Let $a,b,c -$ triangle side and $a+b+c=1$. Prove the inequality $$\sqrt{a^2+b^2}+\sqrt{c^2+b^2}+\sqrt{a^2+c^2}<1+\frac{\sqrt2}{2}$$
1) $a^2+b^2=c^2-2ab\cos \gamma \ge c^2-2ab$
2) $$\sqrt{a^2+b^2}+\sqrt{c^2+b^2}+\sqrt{a^2+c^2}\le3\sqrt{\frac{2(a^2+b^2+c^2)}3}$$
On
Try to use Lagrange multipliers to solve this problem.
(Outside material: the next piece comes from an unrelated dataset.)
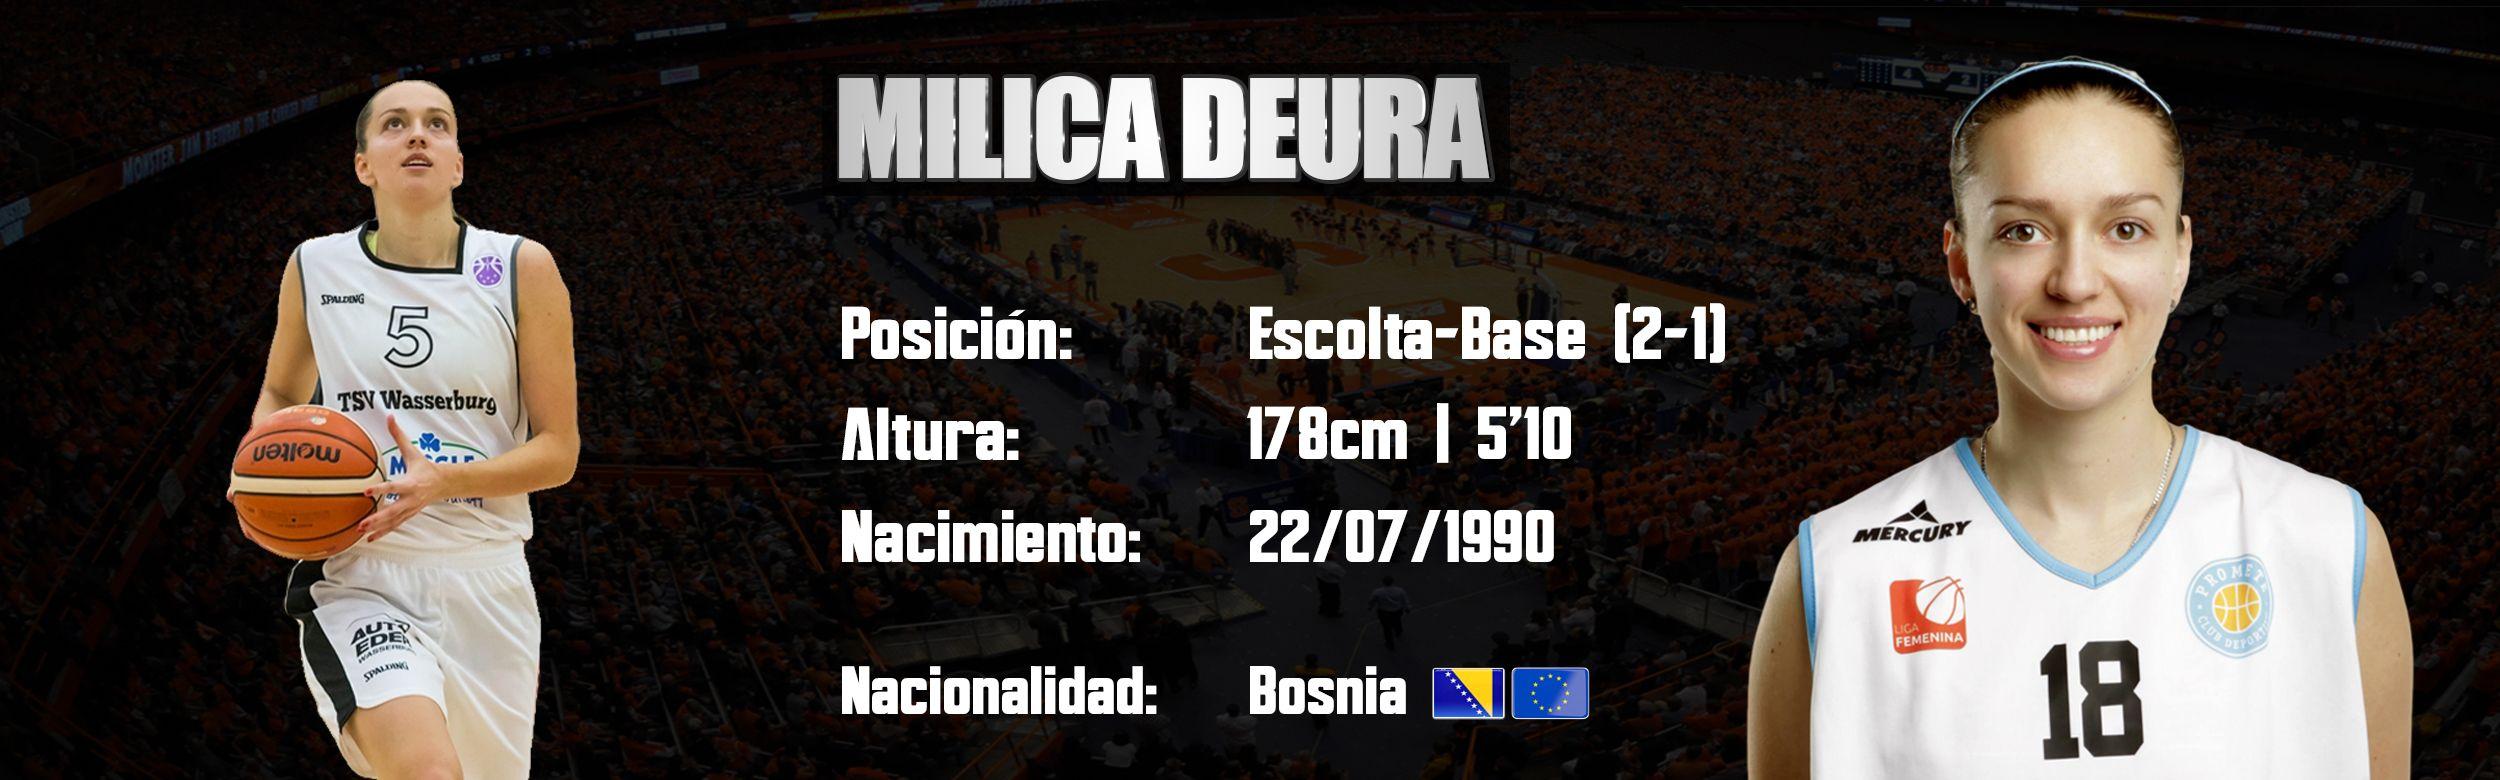 Milica Deura

max $[\sqrt{a^2+b^2}+\sqrt{c^2+b^2}+\sqrt{a^2+c^2}+\lambda(a+b+c-1)]$
On
Just a sketch of a possible proof (a variational, mixing variables approach). Assume that $a\leq b\leq c$ and show that if you replace $a$ with $a-\varepsilon$ and $b$ with $b+\varepsilon$, the convexity of $f(x)=\sqrt{1+x^2}$ grants that the LHS increases (after such substitution, the order of $b$ and $c$ may change. That is not an issue, it actually helps us to be sure we always deal with side lengths of a triangle). It follows that the supremum of the LHS is achieved when $a=0$. After that, the problem is trivial.
On
A similar approach to the one suggested by Jack to obtain the loose inequality: the function $\sqrt{a^2+b^2}+\sqrt{c^2+b^2}+\sqrt{a^2+c^2}$ is convex in $a,b,c$ being the sum of three convex functions (they're the restriction of the Euclidean norm to the planes $\{a=0\}$ etc.). The domain of the function is $$\{a,b,c\geq 0\}\cap\{a+b+c=1\}\cap \{a\leq b+c\}\cap\{b\leq c+a\}\cap\{c\leq a+b\}$$ which is a polygon in $\mathbb{R}^3$, actually an equilateral triangle inside the plane $\{a+b+c=1\}$ if you want to visualize it, with vertices $(0,\frac12,\frac12)$ and cyclicals. Therefore to know the maximum it is sufficient to look at the extremal points of the domain, which are the three vertices.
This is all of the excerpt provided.